A re-engineering of a favorite wintertime soup, Pho bo, or Vietnamese beef noodle soup. Real pho is made from an hours-long simmer of beef bones to make a light beef stock, but this recipe can be made on a weeknight in under an hour.
Feeds four, and requires about 45 minutes to prepare.
For the stock:
1 48 ounce can of College Inn chicken broth
1 14.5 ounce can of College Inn beef broth
1 dried star anise
1 tablespoon of “Three Crab” brand nam pla (fish sauce; in Vietnamese, nuoc mam). Use only excellent quality Thai or Vietnamese fish sauce sold in glass bottles. The cheap supermarket stuff reeks of old fish. Good nam pla has a strong savory smell that is only faintly fishy. Three Crab Fish Sauce is available on Amazon.
2 tablespoons of soy sauce
.5 teaspoon of dried ground galangal
.5 teaspoon ground cinnamon
1 large clove of garlic, sliced
1 cup of water (keeps the broth from getting too strong or reduced)
.5 cup finely sliced celery
3 tablespoons of minced white onion, roasted until just brown
1 tablespoon of fresh ginger, minced and roasted with the onions
Ground black pepper to taste
Roast the onions and ginger until just brown in a toaster oven, or in a sauté pan, then combine all the stock ingredients and bring up to a a boil, then down to a low simmer.
For the noodles:
Capellini (angel hair) pasta
Rice noodles (often sold as “rice sticks”)
Use rice noodles for a more authentic pho. I find the rice noodles too bland, and usually prepare some capellini (angel hair) pasta as an alternative. Cook either or both as directed to be done about 5 minutes before serving the soup. Drain and place in a bowl so guests can assemble their soups themselves.
The beef:
2 filet mignon beef portions
Use a very tender cut of beef like filet mignon. Freeze several filets, then let them thaw partially in the refrigerator so that it is easier to slice into very fine slices. Slice the meat as finely as you can, and set aside. The beef slices are cooked in the final moments before serving by placing them in the bowls of hot soup and noodles. If you add the beef too soon even filet will toughen more than is ideal. The fine slices will cook instantly in the hot broth and stay tender.
Pho bo is normally garnished with fresh vegetable and herb ingredients that, like the beef, are added to the hot broth at the last minute and cook lightly in the soup.
These toppings are traditional for pho:
1 cup finely sliced celery
2 cups of fresh white bean sprouts (canned will do if fresh sprouts are not available)
1 large jalapeño pepper or several whole bird chiles, minced
.5 cup finely sliced fresh basil.

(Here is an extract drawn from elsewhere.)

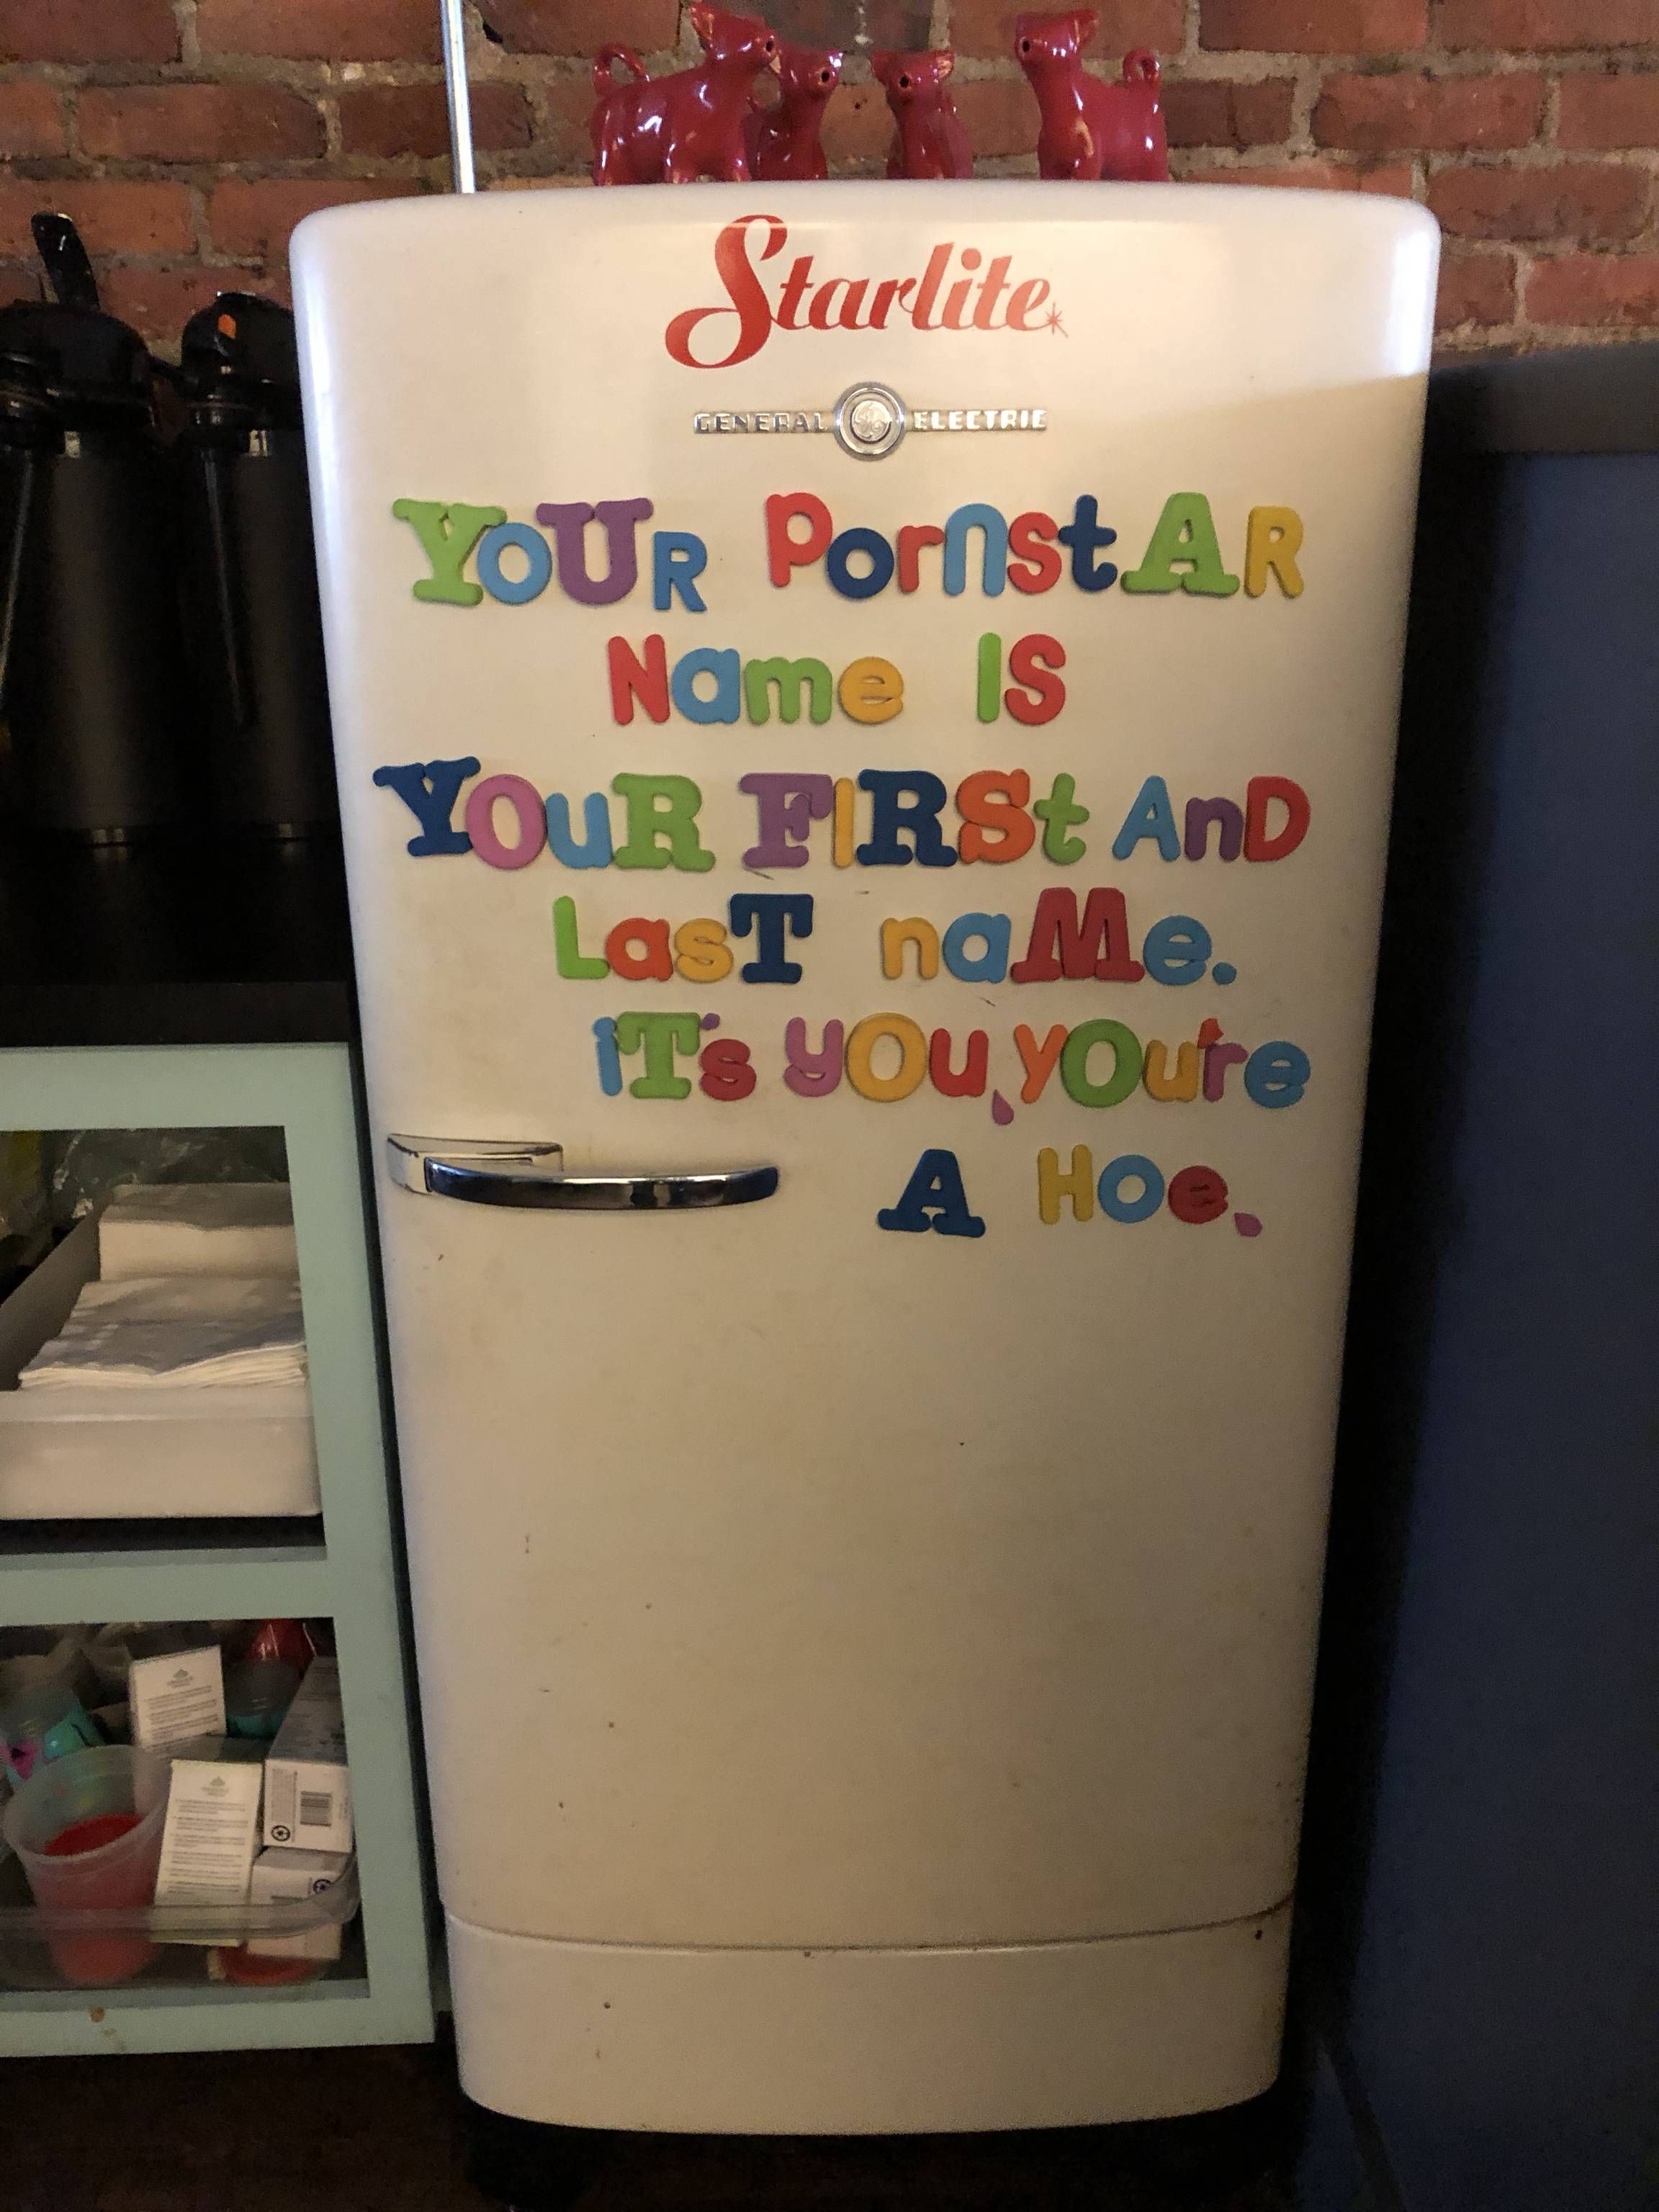 Found on a restaurant’s fridge

Thai basil is ideal, but Italian basil will do.
.5 cups chopped scallions
Pictured here: Broccolini that I lightly blanched in the microwave. Don’t fully cook the broccolini (or other vegetables), as the hot pho broth will finish the cooking.
Many other vegetable ingredients work well with pho, such as finely diced zucchini, thinly-sliced mushrooms, sweet red or green pepper slivers, or shredded carrot. Finely slice the raw vegetables to cook lightly in the broth just as the soup is served.
Final serving:
Bring the broth up to a full rolling boil and then turn off the heat. Quickly place a serving of noodles in each serving bowl, and ladle the hot broth over the noodles. Add the raw beef slices and other ingredients and stir lightly. Eat immediately to keep the beef tender.